SOLD OUT!!! Wasted! The Story Of Food Waste
Sorry, this event is SOLD OUT!
A Reel Ruminations Event of the Emory Food Studies & Ethics Program
Thursday, January 24, 2019
6:00 pm Pre-Film Food Tasting
6:30 pm Film Screening
8:00 pm Panel Discussion
The Center for Ethics, in conjunction with Slow Food Atlanta, invites you to a free screening of WASTED! The Story of Food Waste. A pre-film food tasting will showcase plates from Miller Union and Wrecking Bar, and a discussion with an illustrious panel will follow the screening.

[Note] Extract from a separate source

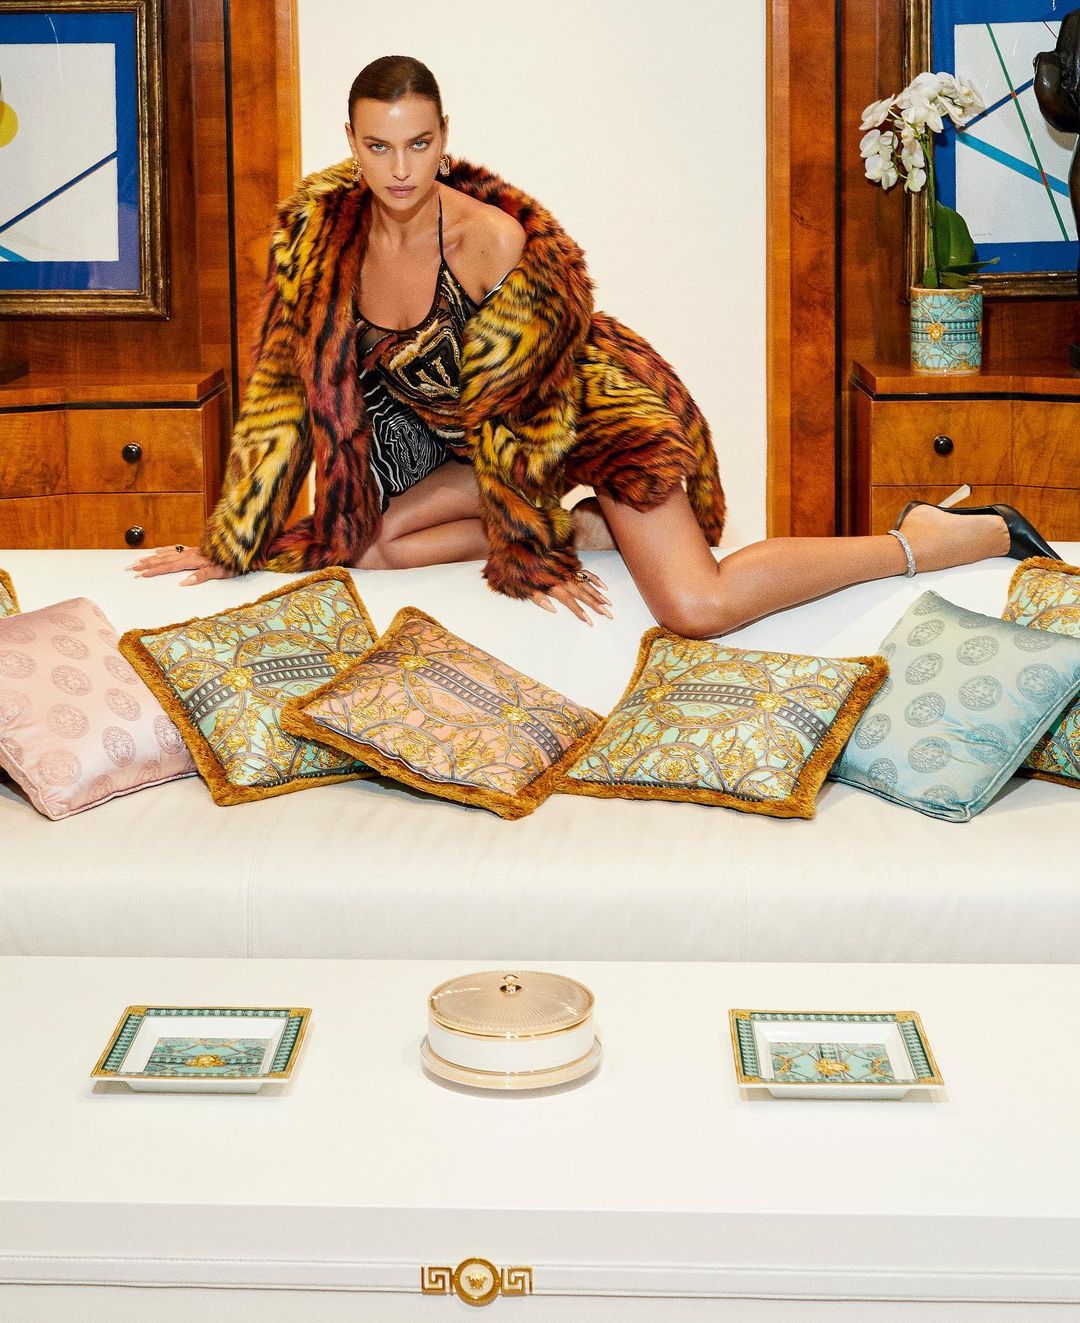 Fotos n°1 : Irina Shayk es All Legs para Versace!

Narrated by executive producer Anthony Bourdain, WASTED! exposes the criminality of food waste and how it directly contributes to climate change. Regional cuisine and food preparation was often a key aspect of his series Parts Unknown. Bourdain was passionate about the problem of food waste. He said, “It’s obscene that we’re dumping knowingly, or through neglect, 40% of our total food production straight into the garbage.” While he was reluctant to be viewed as an advocate or an activist, he said in the film “I’m pretty sure about this. This is not good. Waste is bad. We can all agree on that.”
This event is the first in a series called “Reel Ruminations,” presented by Emory’s nascent Food Studies & Ethics Program. Jonathan K. Crane, Raymond F. Schinazi Scholar of Bioethics and Jewish Thought at the Emory Center for Ethics, believes that “Communities and corporations are actively seeking the next generation of creative, ethically-knowledgeable, data-capable, health-minded, sustainability-concerned innovators and leaders.” The Food Studies & Ethics Program seeks to give students the tools to become these innovators and leaders via a multidisciplinary study of the theoretical and practical, communal and individual, social and biomedical aspects of food and eating.
The screening is made possible by Slow Food Atlanta and Steven Satterfield, James Beard Award winning chef and co-founder of Miller Union. Says Satterfield, “Food waste is an problem that we can all help solve. This film not only brings the issue to light, but provides inspiration as to how we, as individuals, can work to waste less food.”
A post-film panel discussion will feature:
Steven Satterfield, a James Beard award-winning chef, is the executive chef and co-owner of Miller Union, a celebrated, seasonally-driven restaurant located in Atlanta’s Westside neighborhood.
Robert del Bueno is managing partner of Southern Green Industries, a biofuel feedstock processor and provider.
Jasmine Crowe, the founder of Goodr—an app that fights hunger through addressing food waste management.
David Paull, co-founder of CompostNow, has been an entrepreneur in the composting industry for the past 7 years, running a compost collection service as well as working on the sides of processing and regulatory change in Atlanta.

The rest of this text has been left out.